In the first study (JSCT Haplo 13 study), we added BU (6.4 mg/kg) to the original nonmyeloablative platform consisting of Flu, cyclophosphamide, and 2 Gy of TBI developed by Johns Hopkins group [7, 8, 22]. In addition, peripheral blood stem cell grafts were used instead of bone marrow grafts. Thirty-one patients with a median age of 48 (21–65) were enrolled in this study. Thirteen patients (42%) had a history of prior allo-SCT. Neutrophil engraftment was achieved in 87% patients with a median of 19 days. The cumulative incidences of grades II–IV and III–IV acute GVHD and chronic GVHD at 1 year were 23%, 3%, and 15%, respectively. NRM was 19% at day 100. The patients without a history of prior allo-SCT had higher engraftment (100%) and lower NRM (11%). This study suggests that PTCy-haploPBSCT after BU-containing RIC enables stable donor engraftment and low incidences of both acute and chronic GVHD.

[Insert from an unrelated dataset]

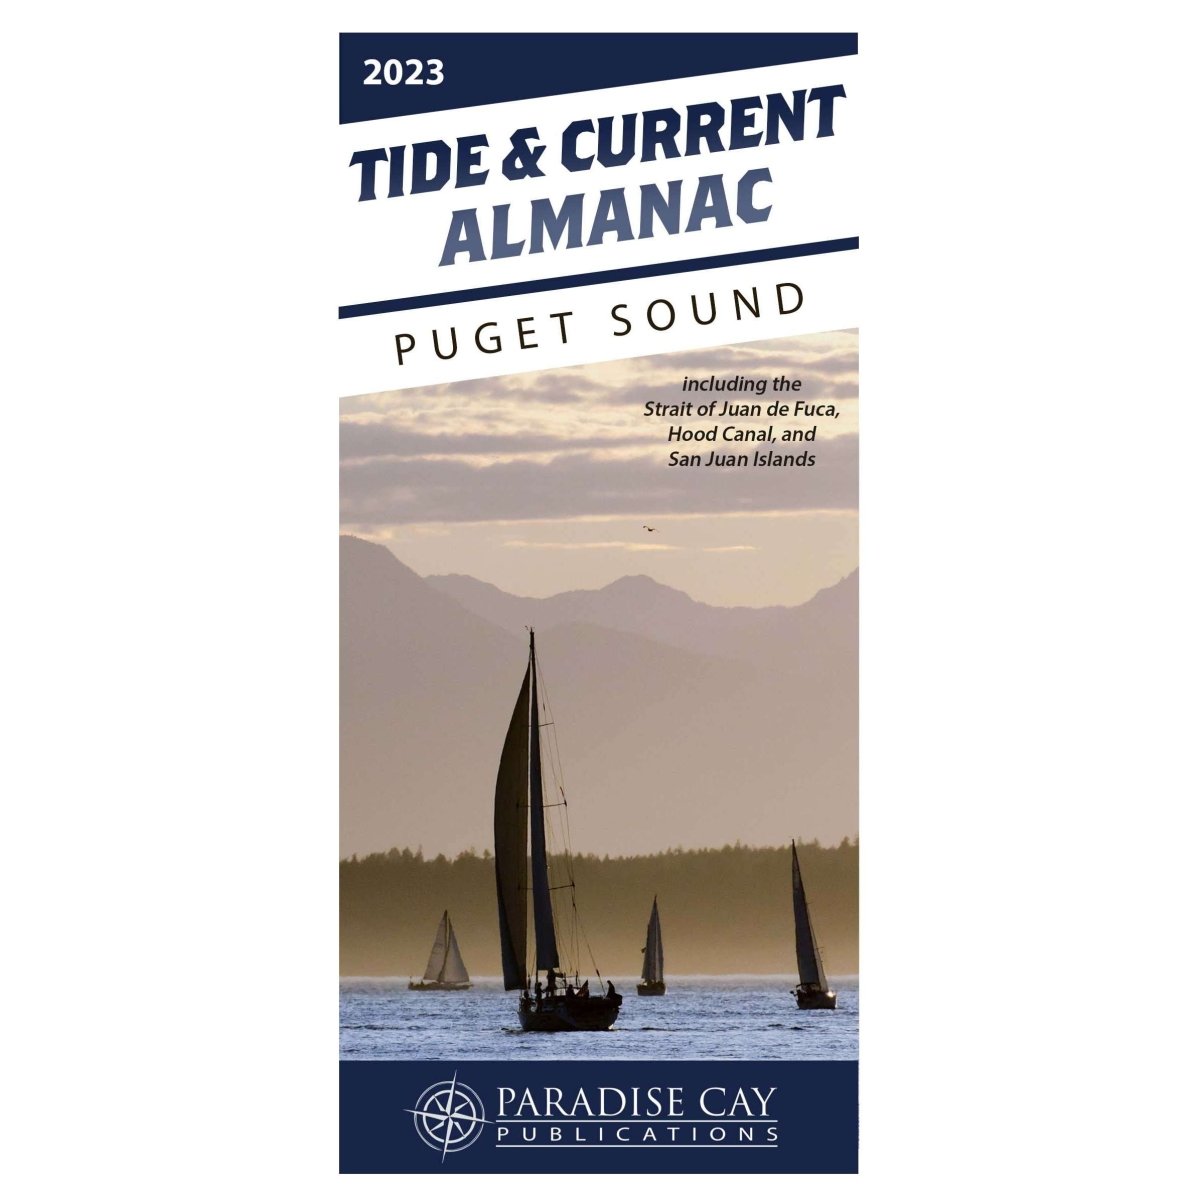 2023 Tide & Current Almanac: Puget Sound - Life Raft Professionals
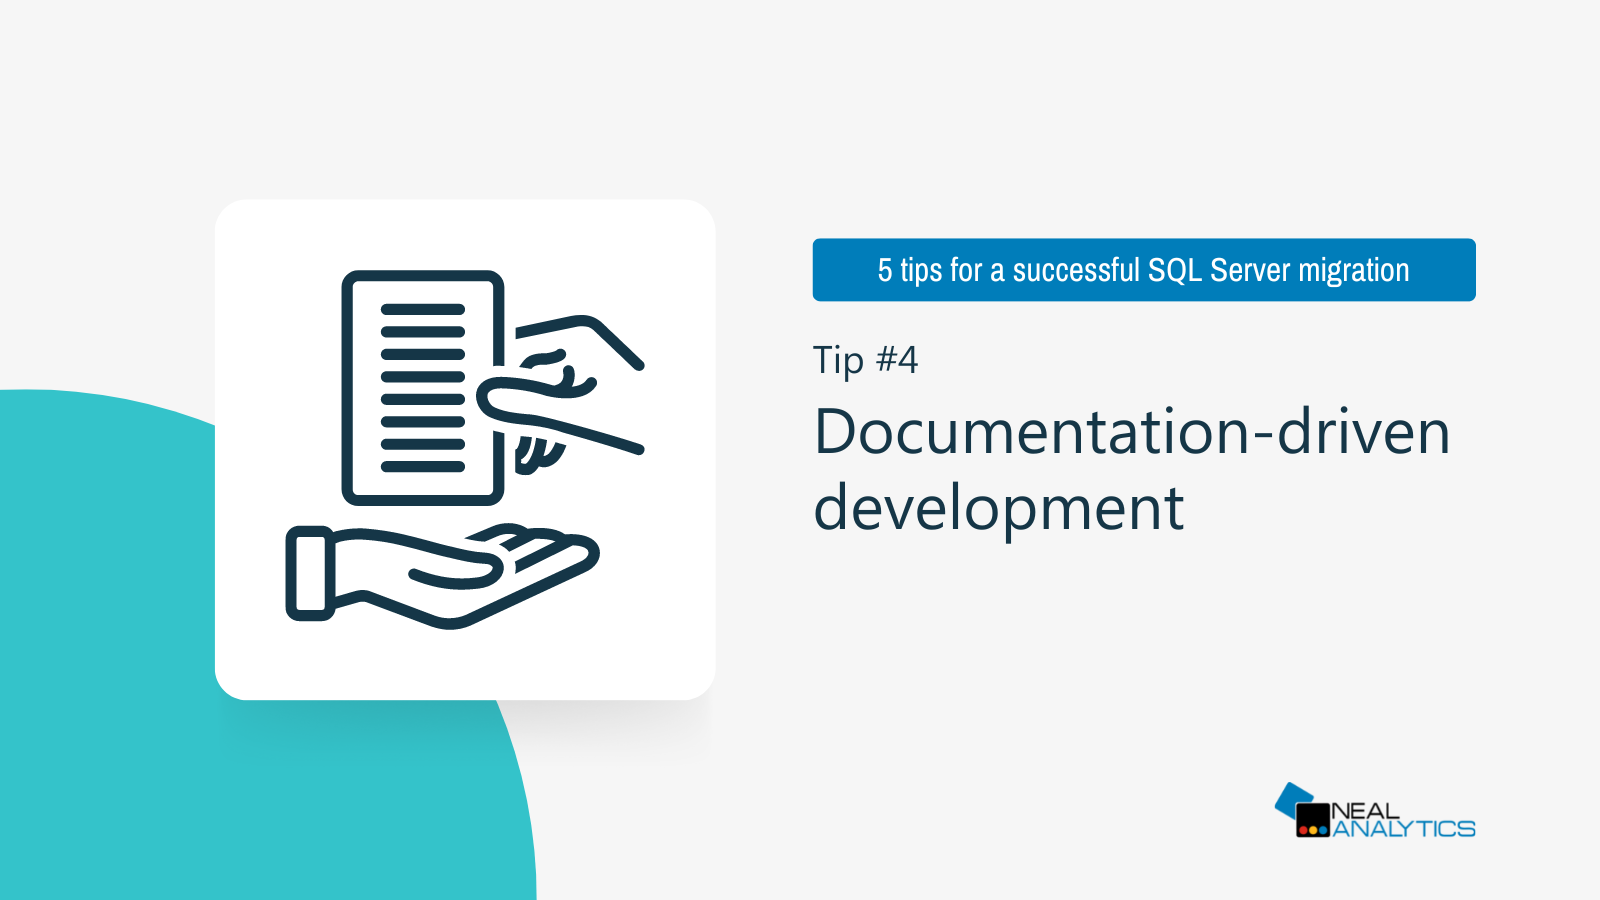 SQL Server migration tip 4: Documentation-driven development

As the second study (JSCT Haplo 14 study), we conducted two parallel prospective phase II studies of MAC- and RIC-based PTCy-haploPBSCT [23]. MAC regimen was either Flu (90 mg/m2) plus TBI (12 Gy), or a combination of Flu (150 mg/m2), BU (12.8 mg/kg), and 4 Gy of TBI (Fig. 1). RIC regimen was a combination of Flu (150 mg/m2), BU (6.4 mg/kg), and 4 Gy of TBI (Fig. 2). Fifty-three patients were enrolled in the MAC study, and 81 patients were enrolled in the RIC study. Neutrophil engraftment was achieved in 98% and 94% in the MAC and RIC groups, respectively. The incidences of grades II–IV and III–IV acute GVHD were 18% and 8% in the MAC group, and 14% and 5% in the RIC group, respectively. Incidences of all grade and moderate to severe chronic GVHD at 2 years were 36% and 20% in the MAC group, and 27% and 20% in the RIC group, respectively. NRM at 2 years was 10% in the MAC group, and 20% in the RIC group. Notably, 83% and 86% of patients who survived without relapse successfully weaned off immunosuppressants by 2 years in the MAC and RIC groups, respectively. This study indicates that both MAC and RIC are valid options for PTCy-haploPBSCT.
In addition to JSCT studies, there are several studies of PTCy-haploSCT in Japan [35, 36]. Nakamae et al. reduced the dose of PTCy to 25 mg/kg on day 3; however, they escalated the dose of PTCy to 25 mg/kg on days 3 and 4 because of a high incidence of grades III–IV acute GVHD. PTCy-haploPBSCT with 25 mg/kg of PTCy might be associated with a higher incidence of severe acute GVHD. It remains to be elucidated whether dose reduction of PTCy could be feasible. Recently, Nakamae and Fukuda et al. have conducted a multicenter, phase II study of PTCy-haploPBSCT using MEL-based RIC regimen for patients with adult T-cell leukemia/lymphoma (UMIN000021783). In this study, GVHD prophylaxis consisted of cyclophosphamide (50 mg/kg/day on days 3 and 5), tacrolimus (starting on day 1), and MMF (starting on day 6). To the best of our knowledge, this is the first study to evaluate the safety and efficacy of PTCy-haploPBSCT for patients with adult T-cell leukemia/lymphoma.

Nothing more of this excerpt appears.